The approval of these two articles of impeachment moved the trial to the Senate, to decide whether or not President Trump would be removed from office if he was found guilty of these charges. 

“I think that we have pulled back a veil of behavior totally unacceptable to our founders, and that the public will see this with a clearer eye, an unblurred eye,” Nancy Pelosi said in an article from the New York Times. “Whatever happens, he has been impeached forever. And now these senators, though they don’t have the courage to assign the appropriate penalty, at least are recognizing that he did something wrong.”

The impeachment trials in the U.S. Senate began on January 22 of this year. Representatives from both parties shared their views as the trial was broadcast live on multiple media platforms. The members of the Senate were divided, with 45 members in the Democratic party, 53 members in the Republican party and 2 members identifying as Independent.

During the trial, both the Democratic House impeachment managers and President Trump’s defense team gave opening and closing statements. Each side was given up to 24 hours over three days to develop their case for the trial. An article by NPR mentions that there was also a 16-hour period which allowed for questioning by the senators. Along with the short time frame to produce a developed case, the Senate voted against either side producing witnesses. The establishment of these ground rules implemented by Senate Majority Leader Mitch McConnell was seen as a hindrance to the Democratic House.

The Democratic House impeachment managers focused their arguments on the articles of impeachment, while President Trump’s defense team claimed that the impeachment trial was an effort to influence the upcoming elections and sway the public’s opinion against Trump.

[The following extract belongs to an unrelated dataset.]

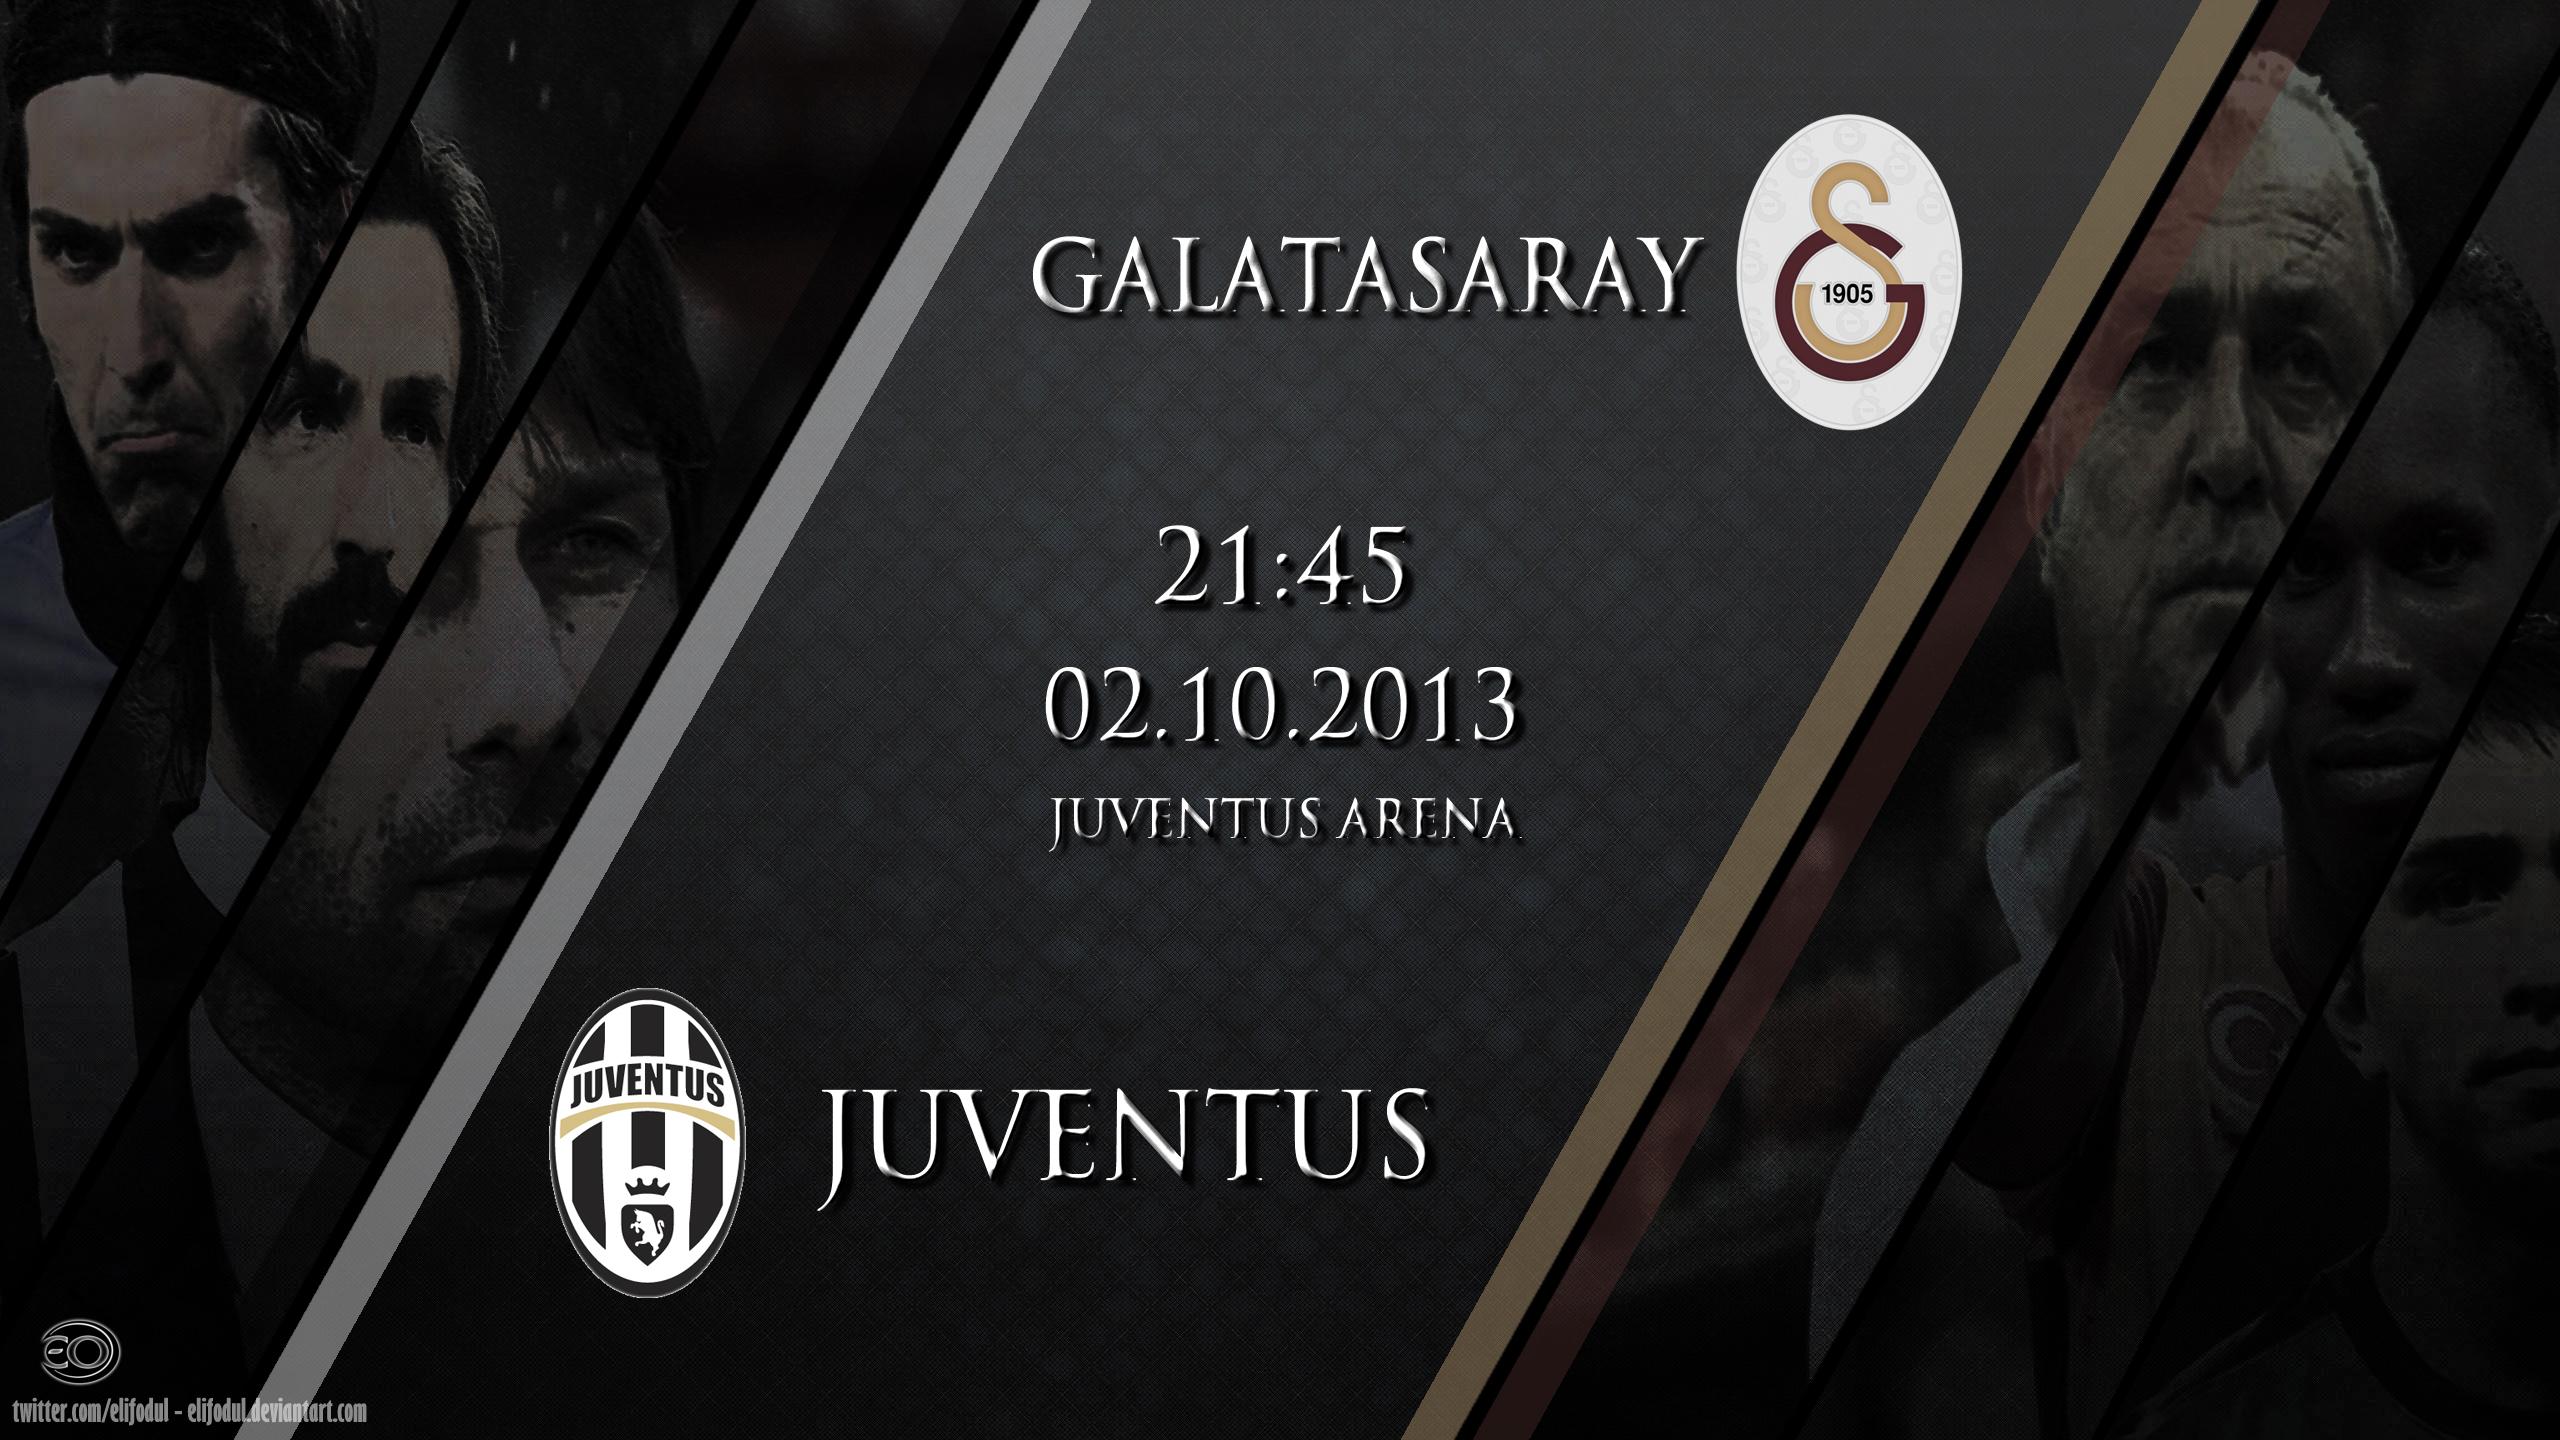 Juventus - Galatasaray CL Wallpaper by elifodul

“This is an effort to overturn the results of one election and to try to interfere in the coming election that begins today in Iowa,” said Pat A. Cipollone during the Senate trial. “The only appropriate result here is to acquit the president and to leave it to the voters to choose their president.”

Once both parties had their allotted time to state their case and delivered their opening and closing statements, the Senate cast their votes on whether or not they found the president guilty of the two impeachment charges.

The trial concluded with President Trump acquitted from both the charge of abuse of power as well as obstruction of Congress. The first article of impeachment, abuse of power, was rejected with the votes divided 48 to 52. 67 guilty votes were needed to convict the president. The second article of impeachment, obstruction of Congress, was rejected as well with the votes divided 47 to 53.

While most Republicans found President Trump not guilty, Senator Mitt Romney of Utah voted to convict the president. In his statement, Romney claimed that his oath to God compelled him to vote against the President.

“The President is guilty of an appalling abuse of public trust. What he did was not perfect; no, it was a flagrant assault under electoral rights, our national security, and our fundamental values,” Romney said during the trial. “Corrupting an election to keep oneself in office is perhaps the most abusive and destructive violation of one’s oath of office that I can imagine.”

While he was not removed from office for these charges, President Trump has become one of three presidents in U.S history to ever be impeached by the House. There is speculation about how this trial will affect the president’s following, especially considering the fact that he will be the first president to run for a second term after being impeached.